There really is what they call a "universal consciousness."

How else can you explain the fact that I started writing a new column yesterday entitled "Not Everyone Can Be A Star" and then I turned on Oprah today to discover her show was about "Living A Lie"? How are these topics related? Well, let me explain

The column I had in mind was going to address how almost everyone in America these days feels the need to stand out, to be "special," to be a star.
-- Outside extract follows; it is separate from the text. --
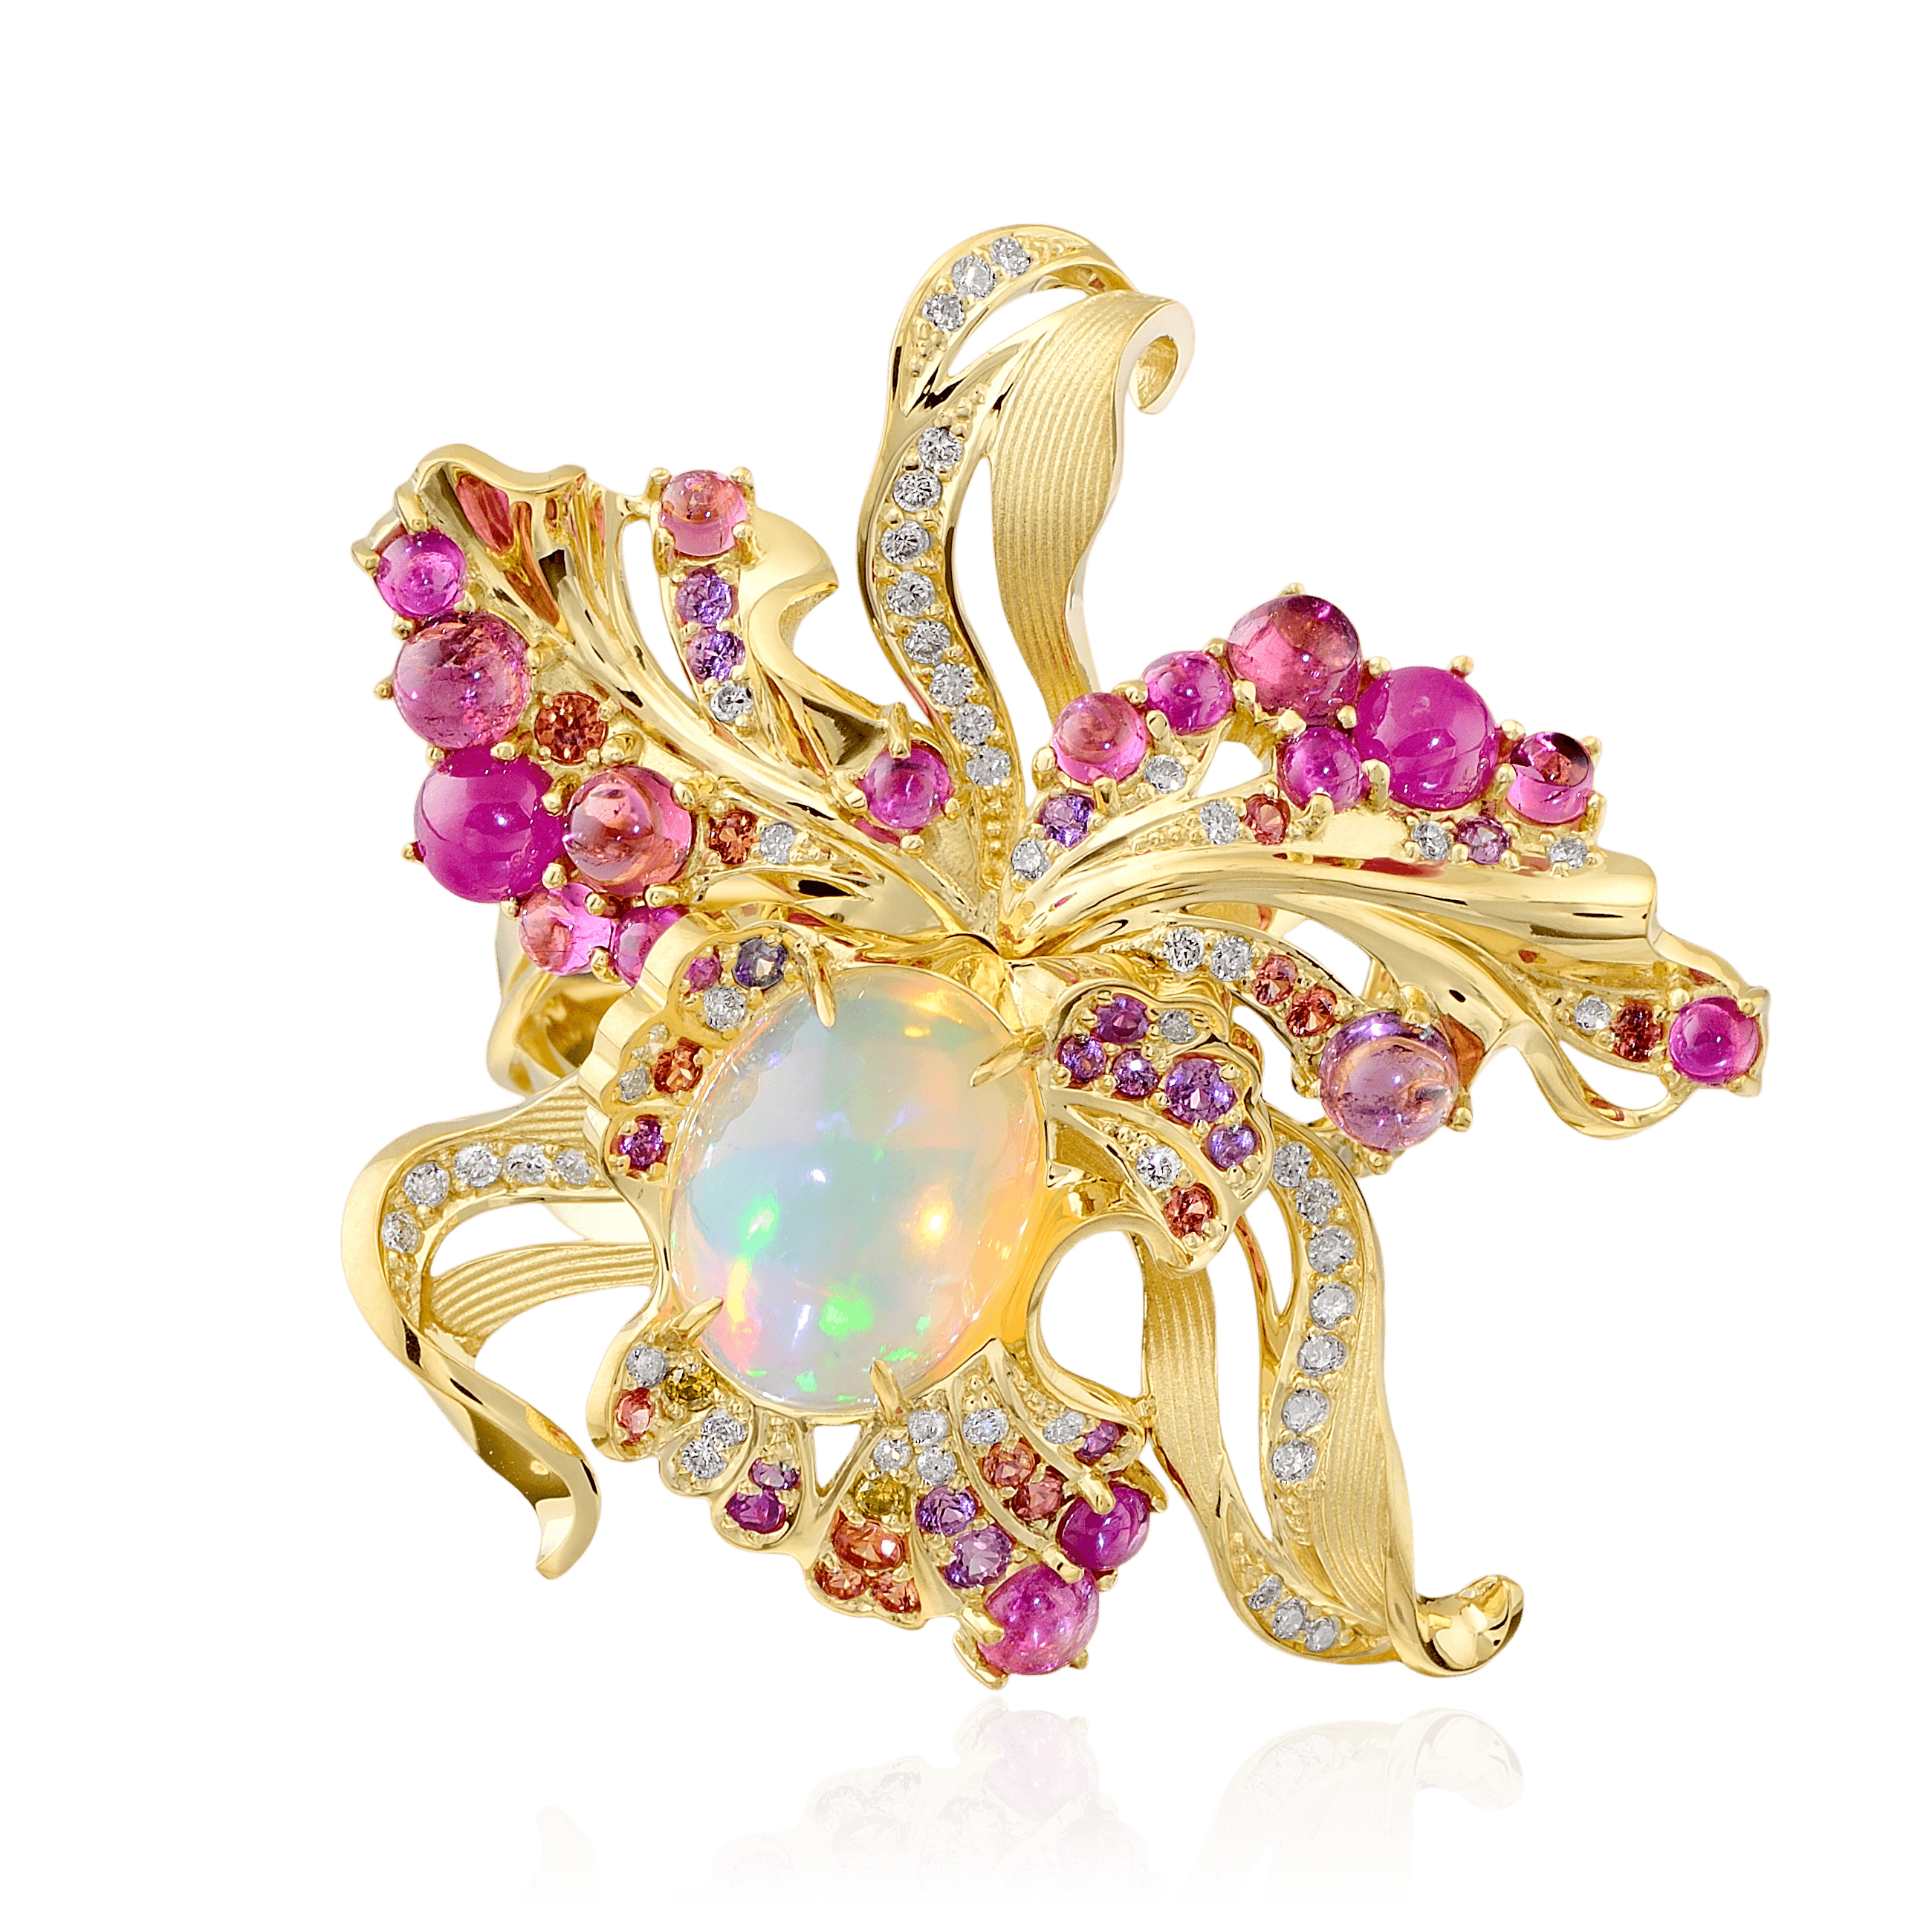 Кольцо Орхидея с опалом, бриллиантами, турмалином, демантоидом, тсаворитом, рубином, сапфиром фантазийным из желтого золота 750 пробы (арт. 37061)

Look at MySpace. People come up with these over-the-top, grandiose names, create a persona and exist within a fantasy world that borders on delusional.

Now I realize that, to a certain extent, this is human nature. After all, we are the only creatures who not only create, but embellish, adorn and exaggerate. I mean, let's be honest, without artifice what kind of world would this be? But at some point the scale tipped and suddenly everyone felt entitled to be fabulous and famous. Oprah's show today included an interview with a woman who, in an attempt to emulate the celebrities she worships, spent over $150,000 on designer clothing, accessories and jewelry.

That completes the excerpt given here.